Wartanusa.id – Langsa | Perusahaan Umum Daerah (Perumda) Air Minum Tirta Keumuneng Langsa diduga layangkan tagihan bodong kepada pelanggan.
Tagihan tersebut, layangkan kepada Syukri, salah seorang pelanggan PDAM yang beralamat di Menteng Indah Gampoeng Matang Seulimeng Kec Langsa Barat.
Kepada wartawan, Syukri menerangkan bahwa pada Jum’at (10/02/2023) Dia datangi beberapa petugas PDAM yang didampingi pihak keamanan menggunakan mobil berlambang PDAM menagih tunggakan pemakaian Air selama 22 bulan dengan jumlah biaya sebesar Rp 763 ribu.
“Saya terkejut saat mereka datangi dengan membawa surat tagihan dan melihat tunggakan pemakaian PDAM saya sampai 22 bulan,” ucap Syukri.
Saat melihat kertas tagihan yang diserahkan, Syukri kaget dan bingung, karena selama ini Ia mengaku sangat lancar membayar tagihan PDAM secara online.
Syukri menjelaskan bahwa dirinya sempat beradu mulut dengan petugas penagihan dari PDAM, karena setelah melihat Surat Pemutusan dari PDAM dengan nama Sukri AR ST, nomor pelanggan 05303 yang beralamat BTN Sungai Pauh sangat berbeda dengan nomor pelanggan dan alamat dirinya yaitu 05478 dan 03228 yang beralamat di Matang Seulimeng.
“Heran, data dan alamat beda kok bisa PDAM meminta tunggakan ke saya, apakah ini ada unsur kesengajaan atau memang petugas PDAM tidak becus bekerja,” ujar Syukri kesal.
“PDAM kan online, seharusnya data terkoneksi dong walau pembayaran yang dilakukan oleh konsumen bukan di loket PDAM. Seharusnya secara sistem kan data sama, kok bisa ditagihkan kepada konsumen yang berbeda.

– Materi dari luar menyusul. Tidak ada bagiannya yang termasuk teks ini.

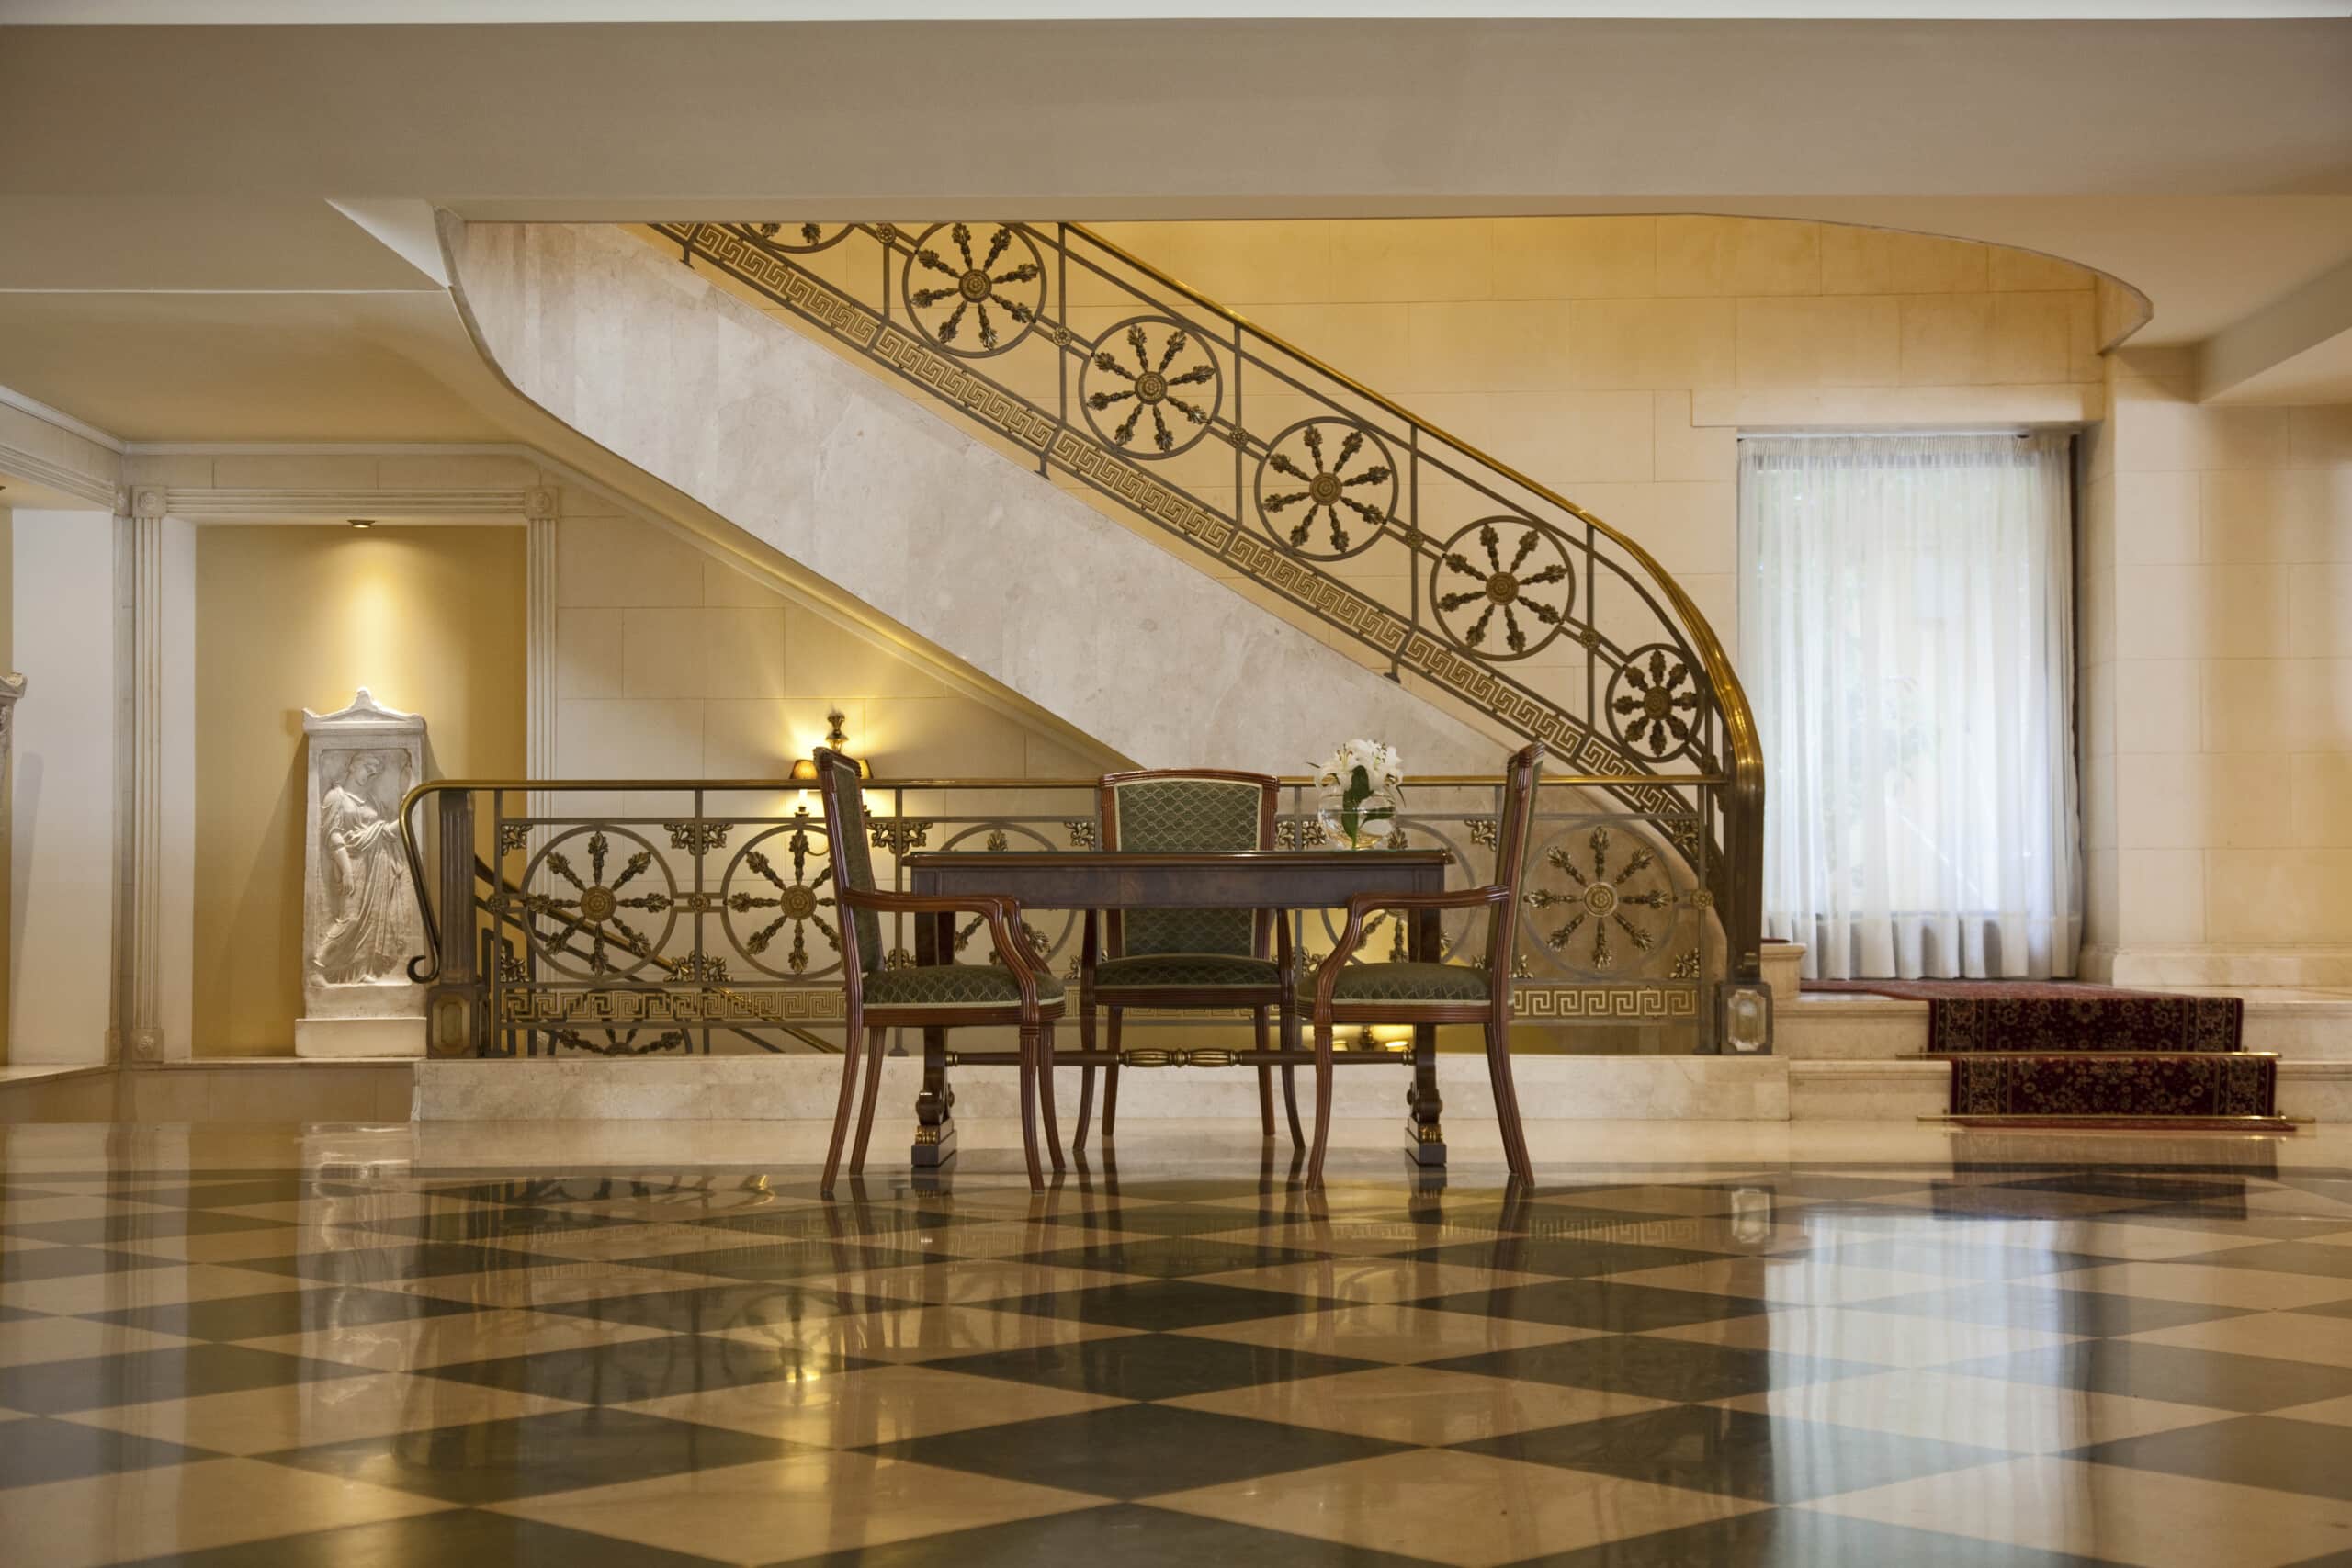 Electra_Palace_Athens_Lobby_Stairs

Ini kan bodong namanya,” geram Syukri.
Syukri menambahkan, setelah petugas pulang, langsung menghubungi Call Centre PDAM Langsa yang tertera untuk klarifikasi atas tunggakan hampir 800 ribu yang ditagih kepada dirinya.
Pihak Call Centre yang dihubungi mengatakan bahwa nomor palanggan PDAM 05478 dan 03228 atas nama dirinya yang beralamat di Matang Seulimeng hanya baru masuk 2 bulan saja dan mereka juga bingung dengan data tagihan tersebut kenapa tagihan pelanggan dengan nomor 05303 yang beralamat di BTN Sungai Pauh an Sukri AR ST ditagih petugas kepada dirinya.
Namun, sampai hari ini Senin (13/02/2023) belum ada konfirmasi ulang atau pun permintaan maaf dari pihak PDAM terkait komplain saya dengan permasalah yang ada, karena masalah itu membuat malu saya sebagai pelanggan PDAM dan merupakan pencemaran nama baik.
“Saya mohon pada pihak PDAM untuk bekerja profesional dan semestinya PJ Walikota mengevaluasi Dirut PDAM Langsa karena ini berkaitan dengan pelayanan publik, jangan semakin hari semakin gak benar,” pinta Syukri mengakhiri.
Sementara itu, Dirut Perumda Air Minum Tirta Keumuneng Langsa, Azzahir SE dikonfirmasi wartanusa.id melalui whatsapp menyuruh menanyakan ke petugas.
“Besok tanya sama petugas,” jawabnya singkat.